----- PROVIDED DATA -----
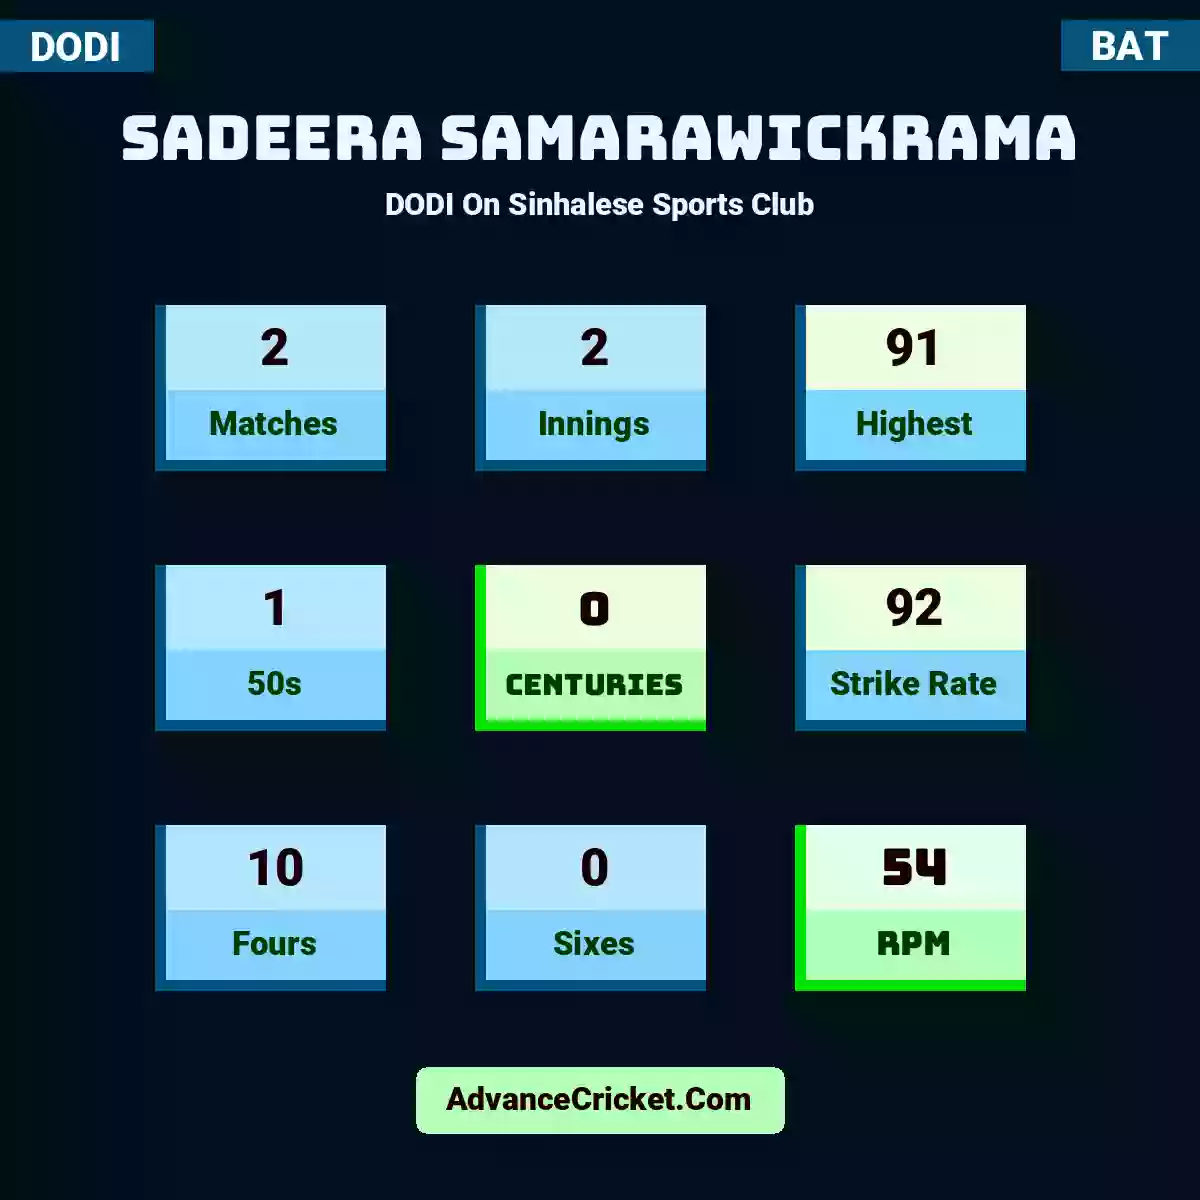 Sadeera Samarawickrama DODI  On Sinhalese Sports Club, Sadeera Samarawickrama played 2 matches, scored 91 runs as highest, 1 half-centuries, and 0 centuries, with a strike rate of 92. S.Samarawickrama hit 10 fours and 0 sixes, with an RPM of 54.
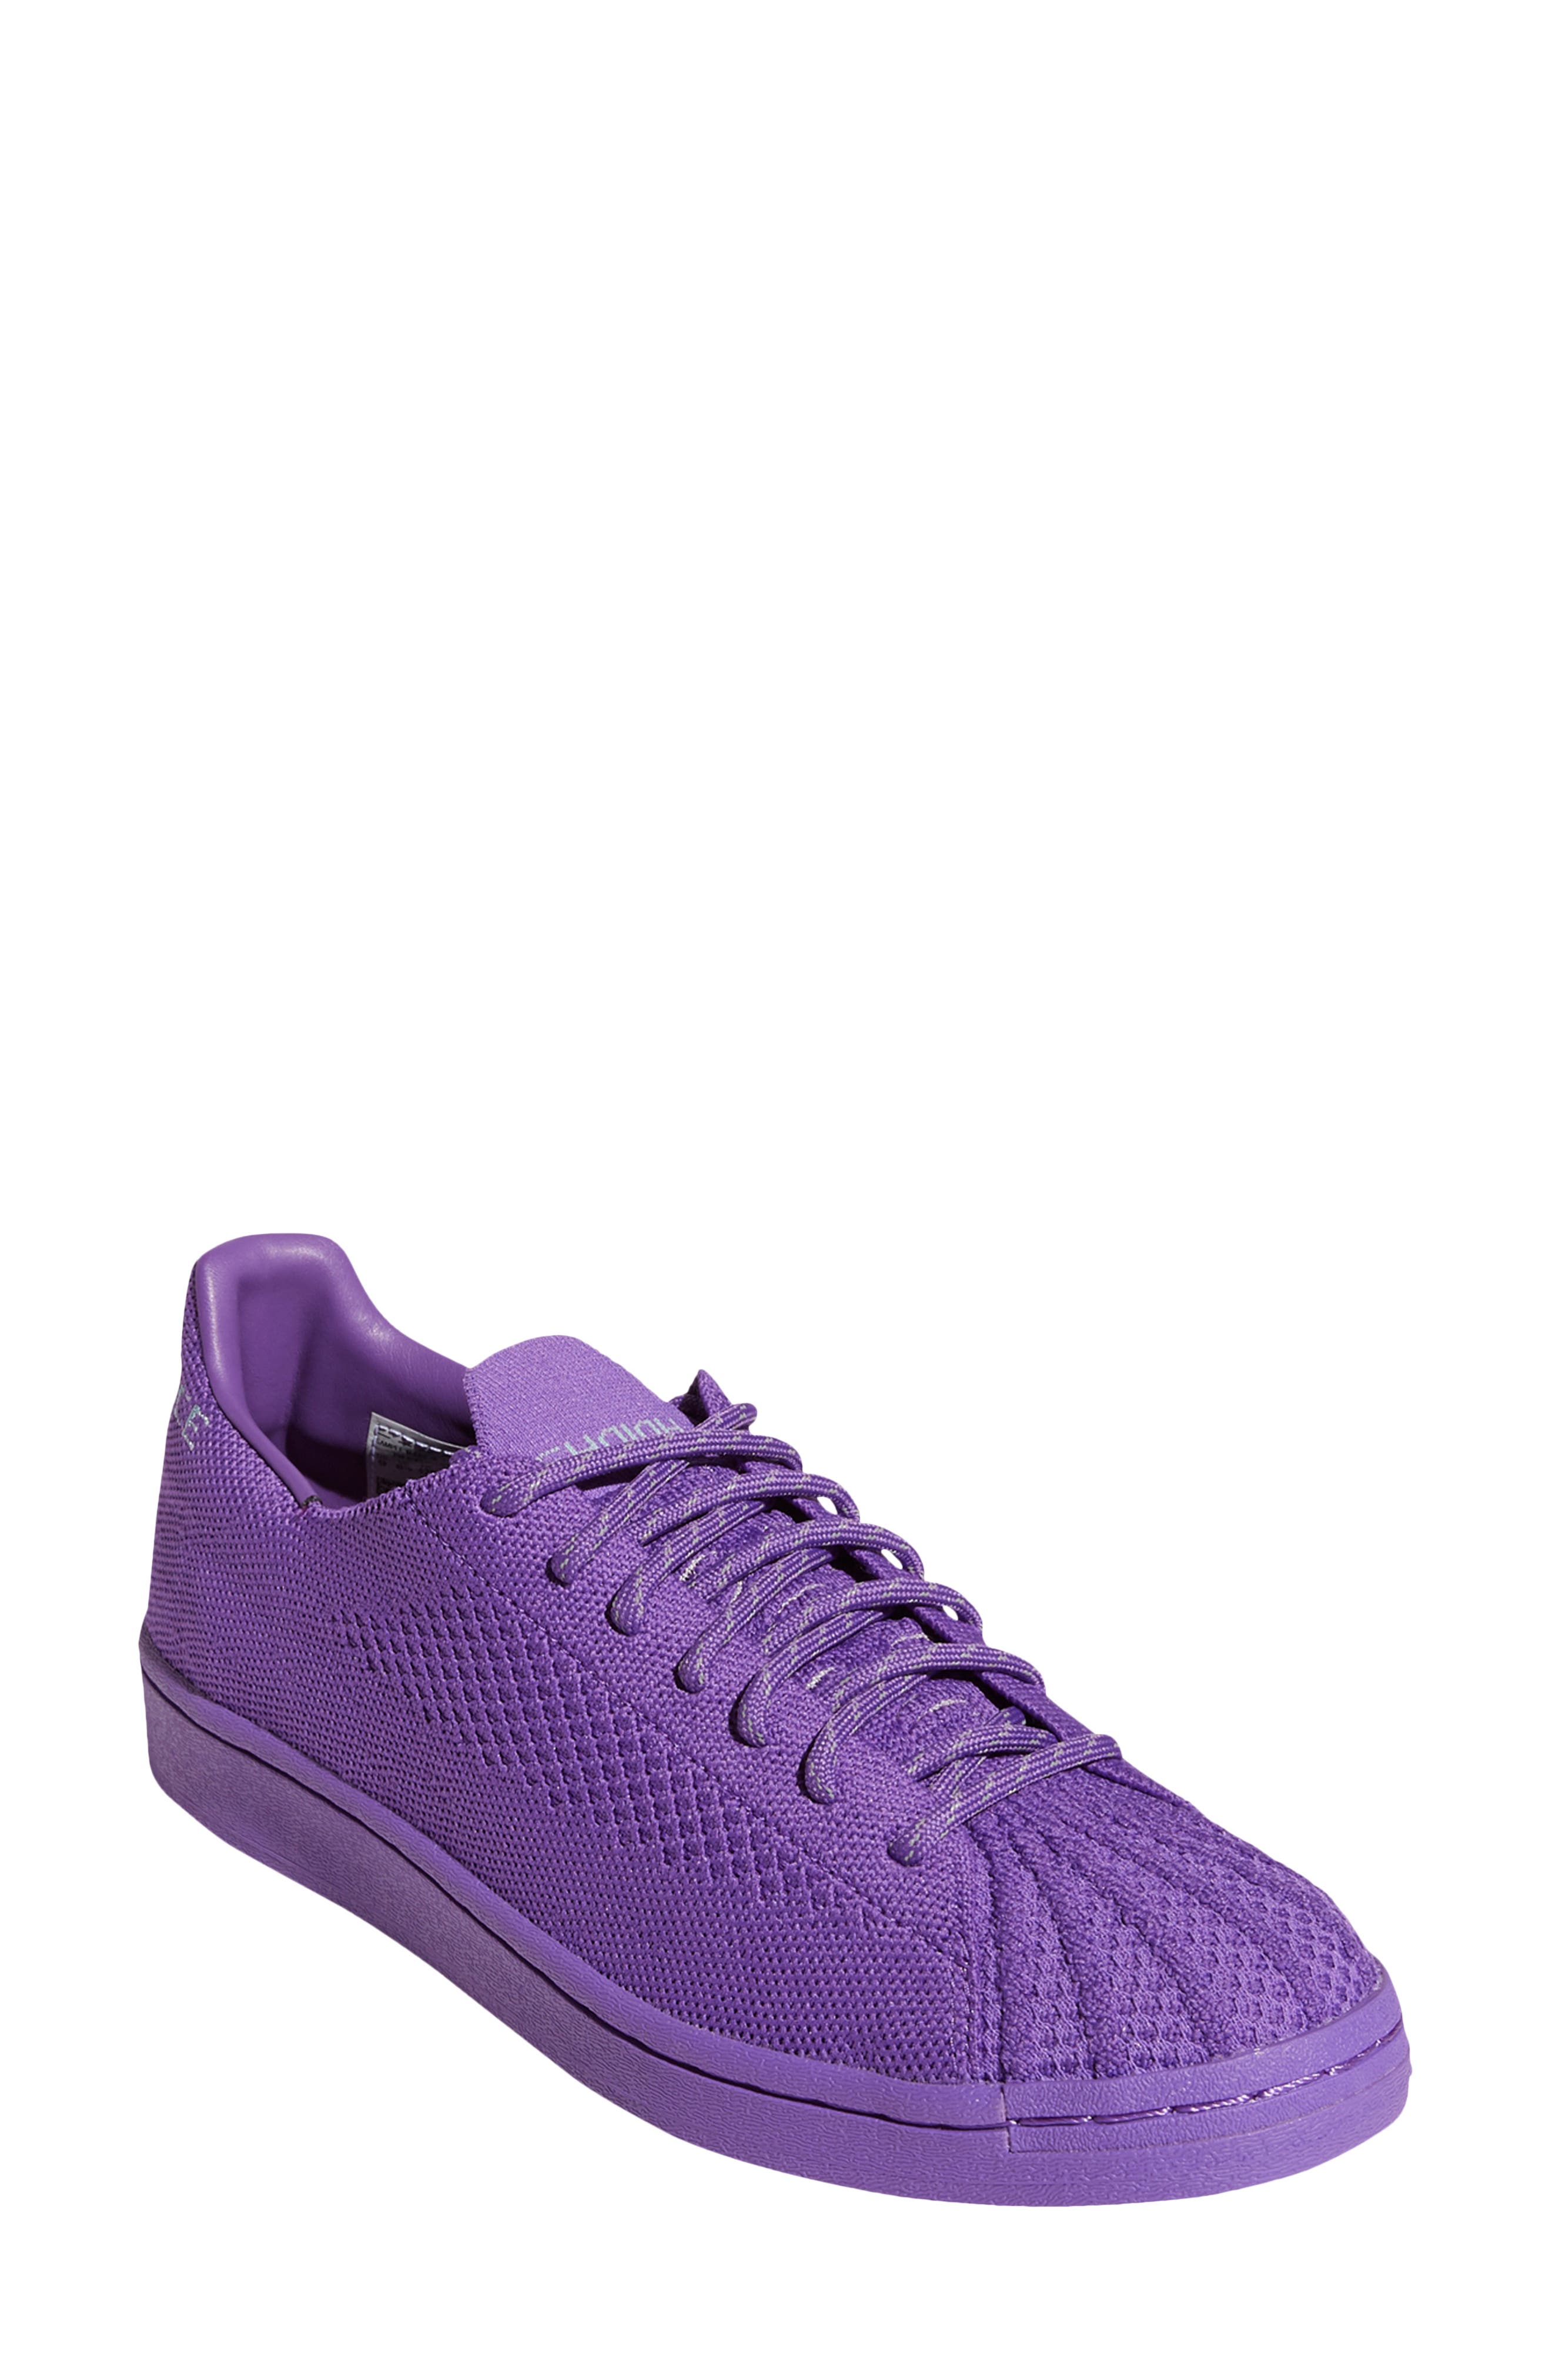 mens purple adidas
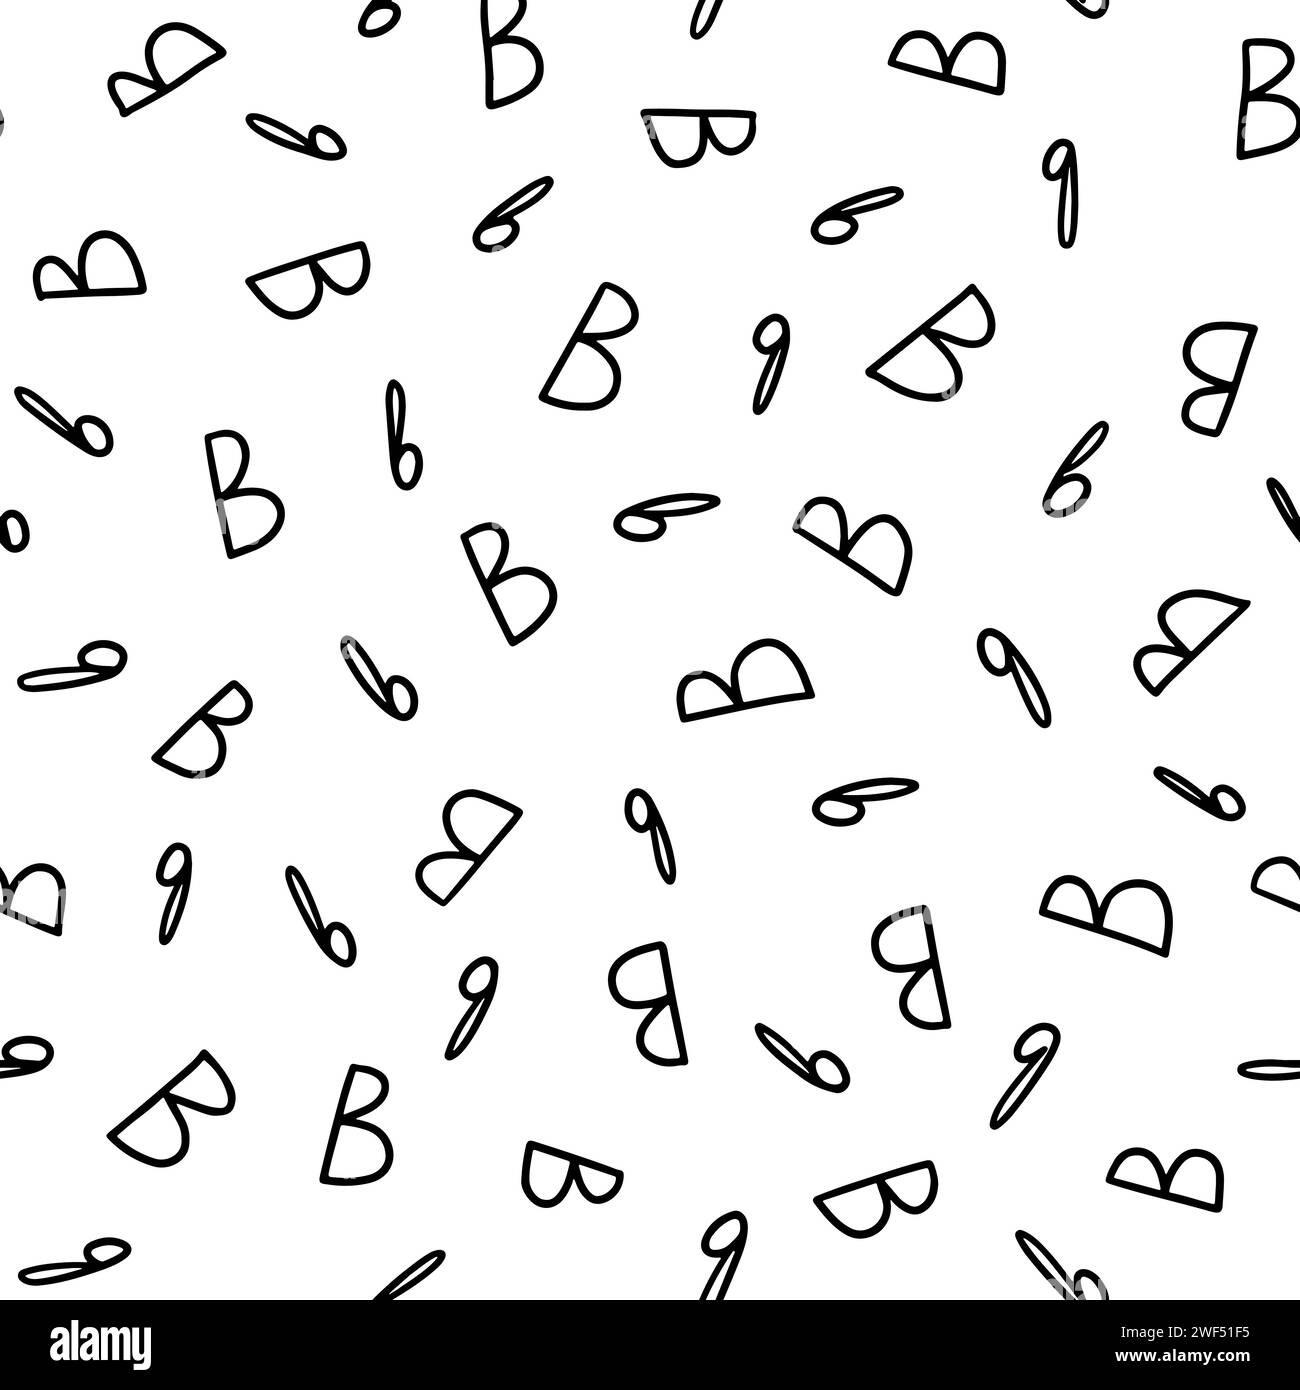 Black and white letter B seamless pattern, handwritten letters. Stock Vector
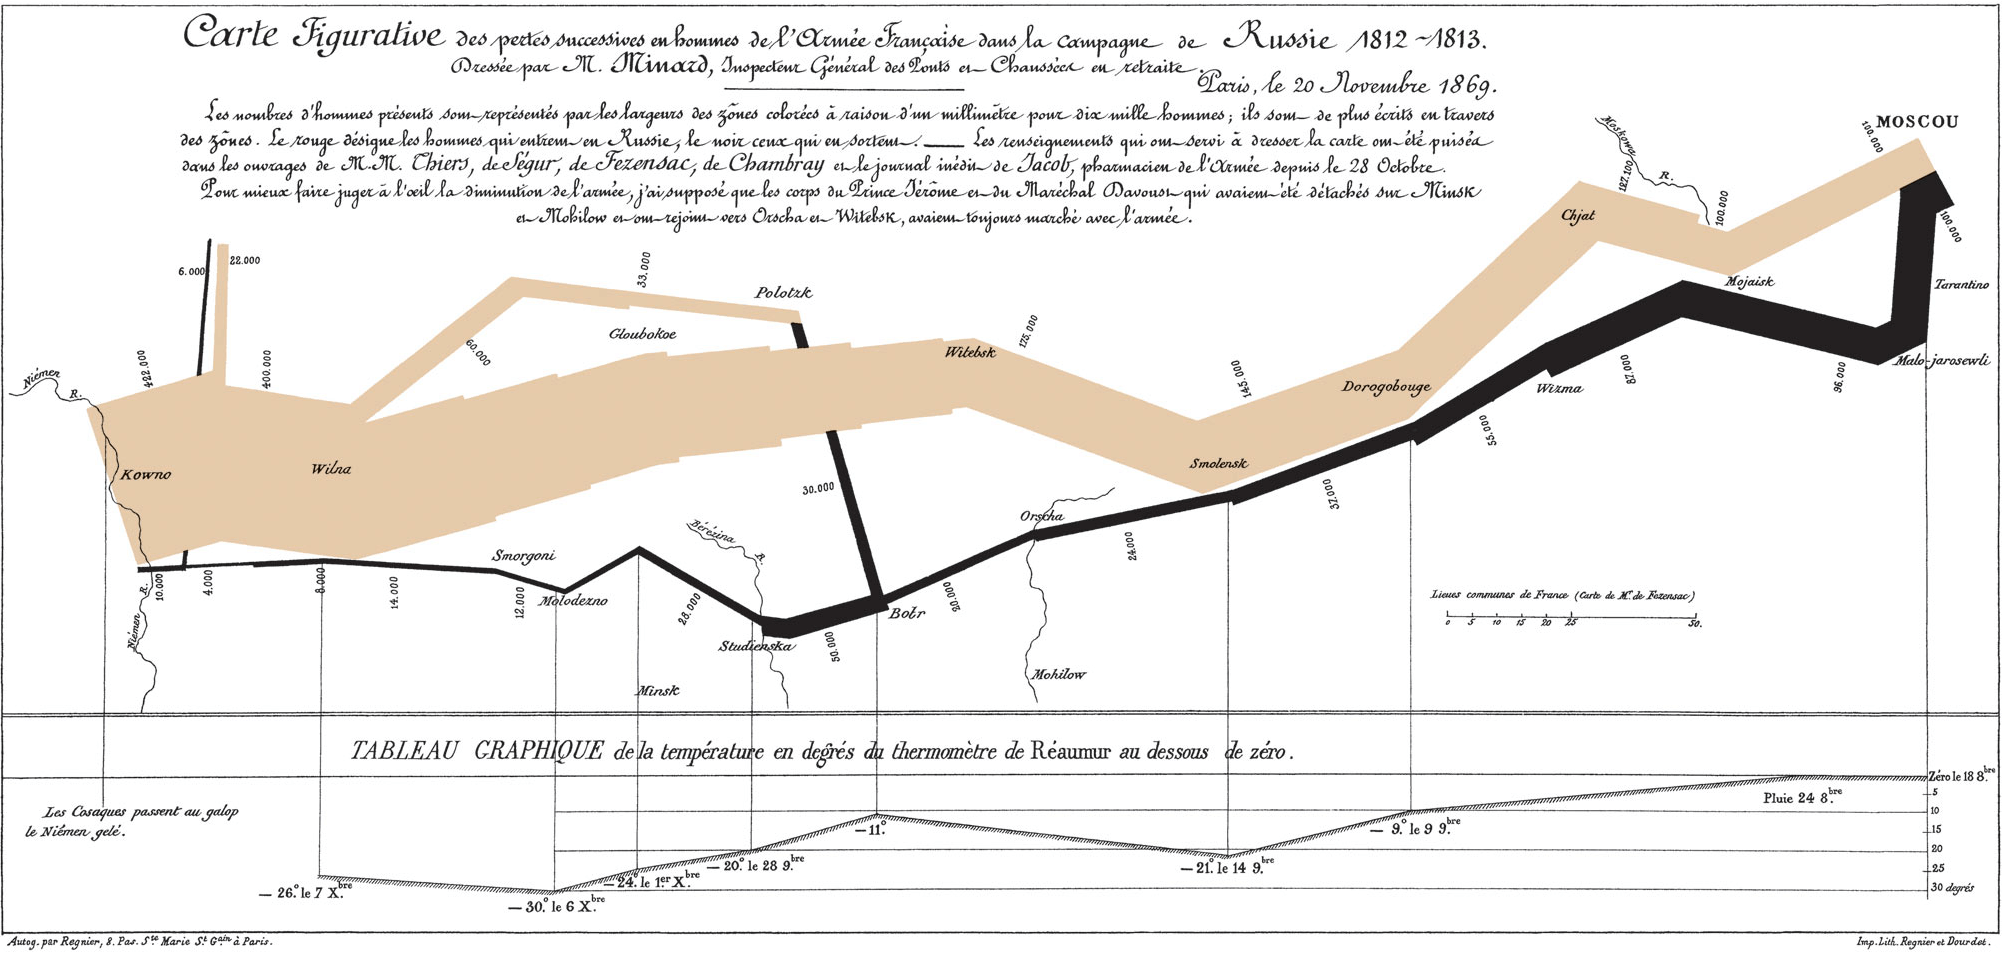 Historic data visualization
-----
◆ WHAT IS BEING ASKED ◆
Write out the whole listing exactly. Do not include the pictures.

◆ EXERCISE RESULT ◆
 Sadeera Samarawickrama DODI  On Sinhalese Sports Club, Sadeera Samarawickrama played 2 matches, scored 91 runs as highest, 1 half-centuries, and 0 centuries, with a strike rate of 92. S.Samarawickrama hit 10 fours and 0 sixes, with an RPM of 54.
 mens purple adidas
 Black and white letter B seamless pattern, handwritten letters. Stock Vector
 Historic data visualization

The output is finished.